[The data]

Content starts

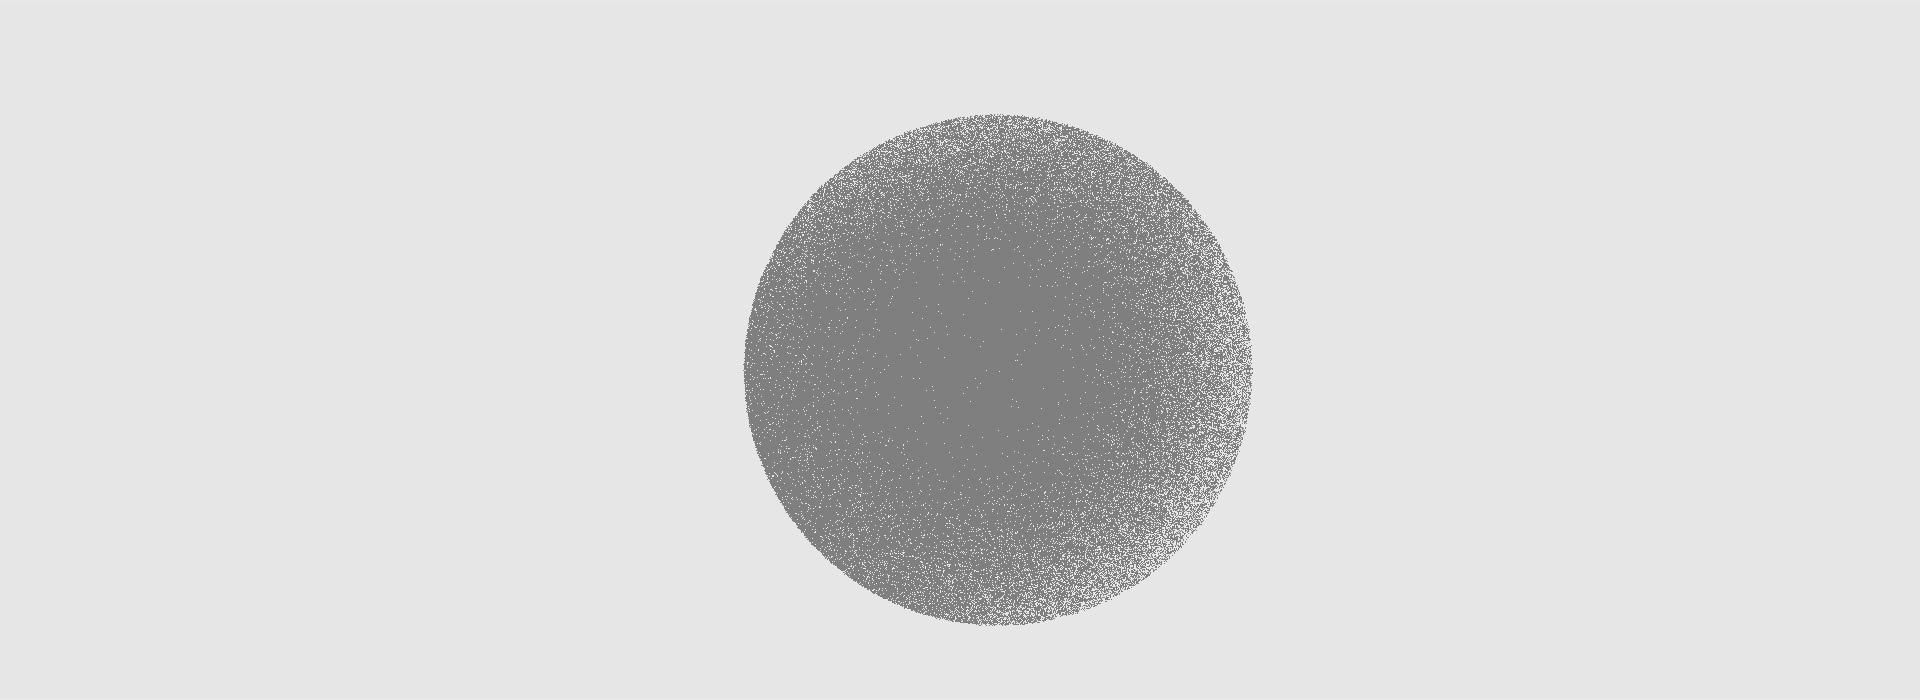 project-detail-bg-01.jpg
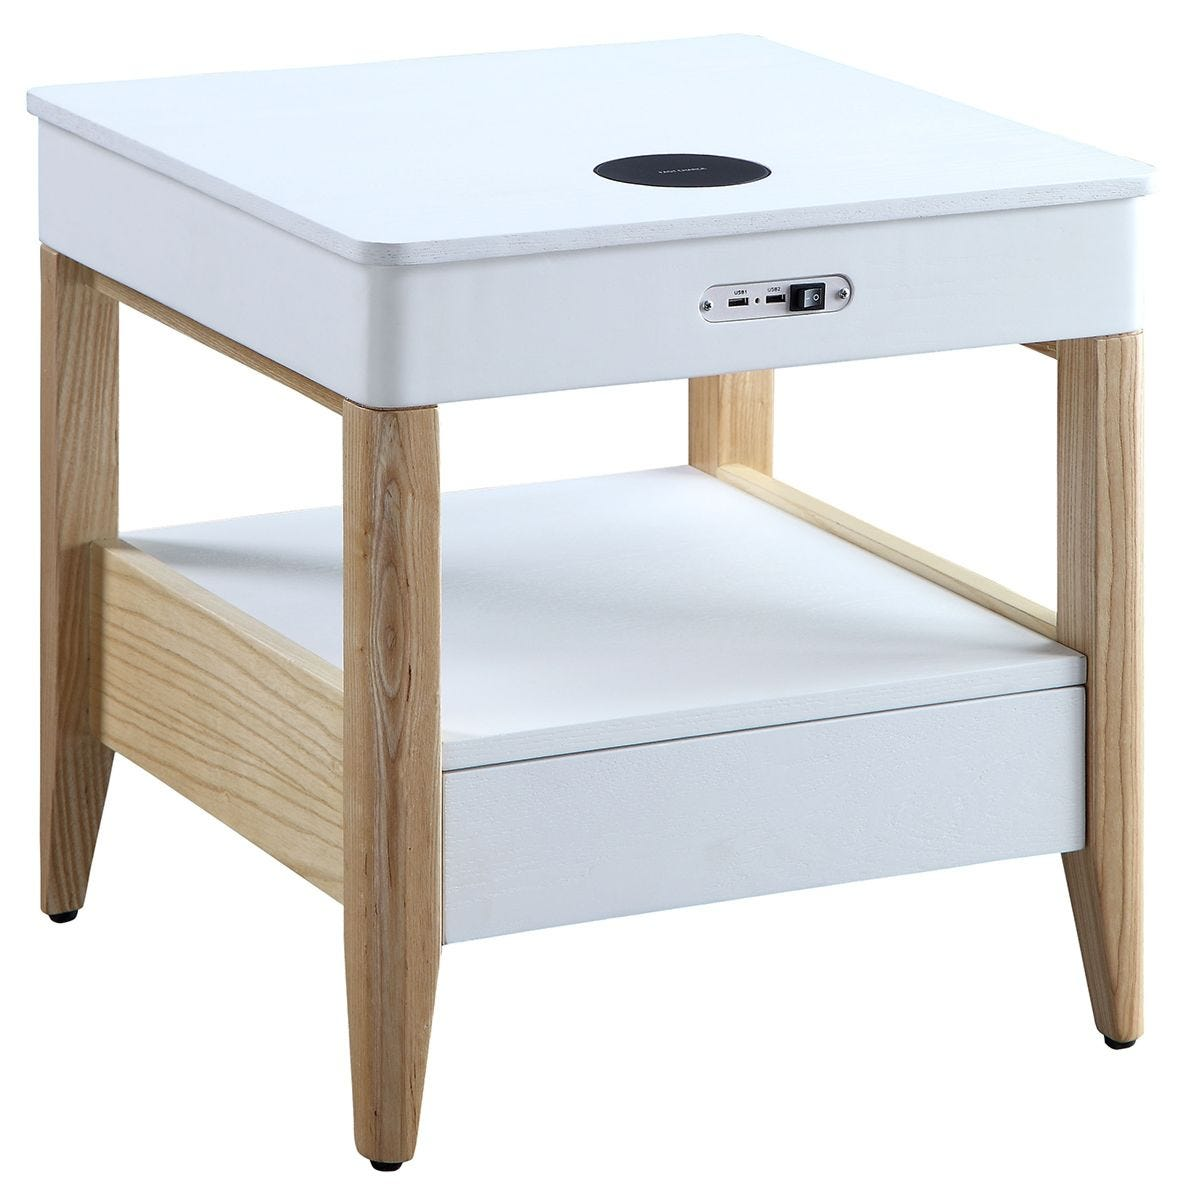 Jual San Francisco Ash/White Smart Bedside Table - Wireless Charger & Speaker
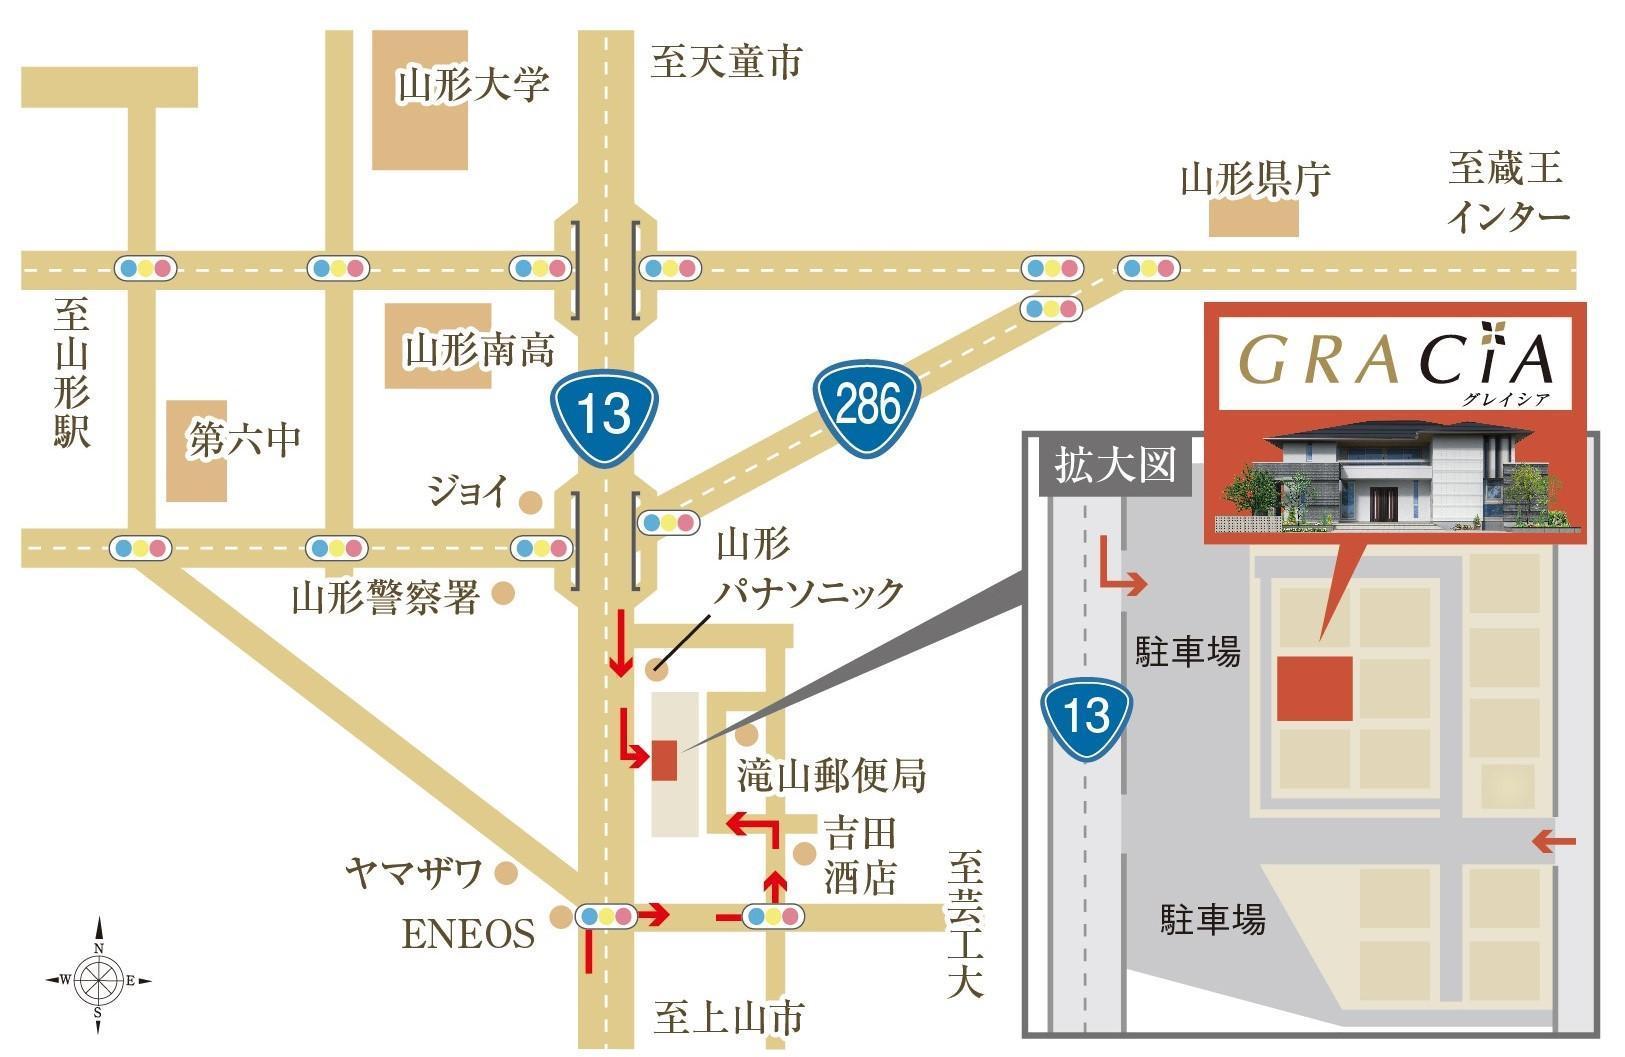 Gracia_map.jpg

Content ends

[Problem details]
Give back the material word for word, without images.

[Exercise result]
 project-detail-bg-01.jpg
 Jual San Francisco Ash/White Smart Bedside Table - Wireless Charger & Speaker
 Gracia_map.jpg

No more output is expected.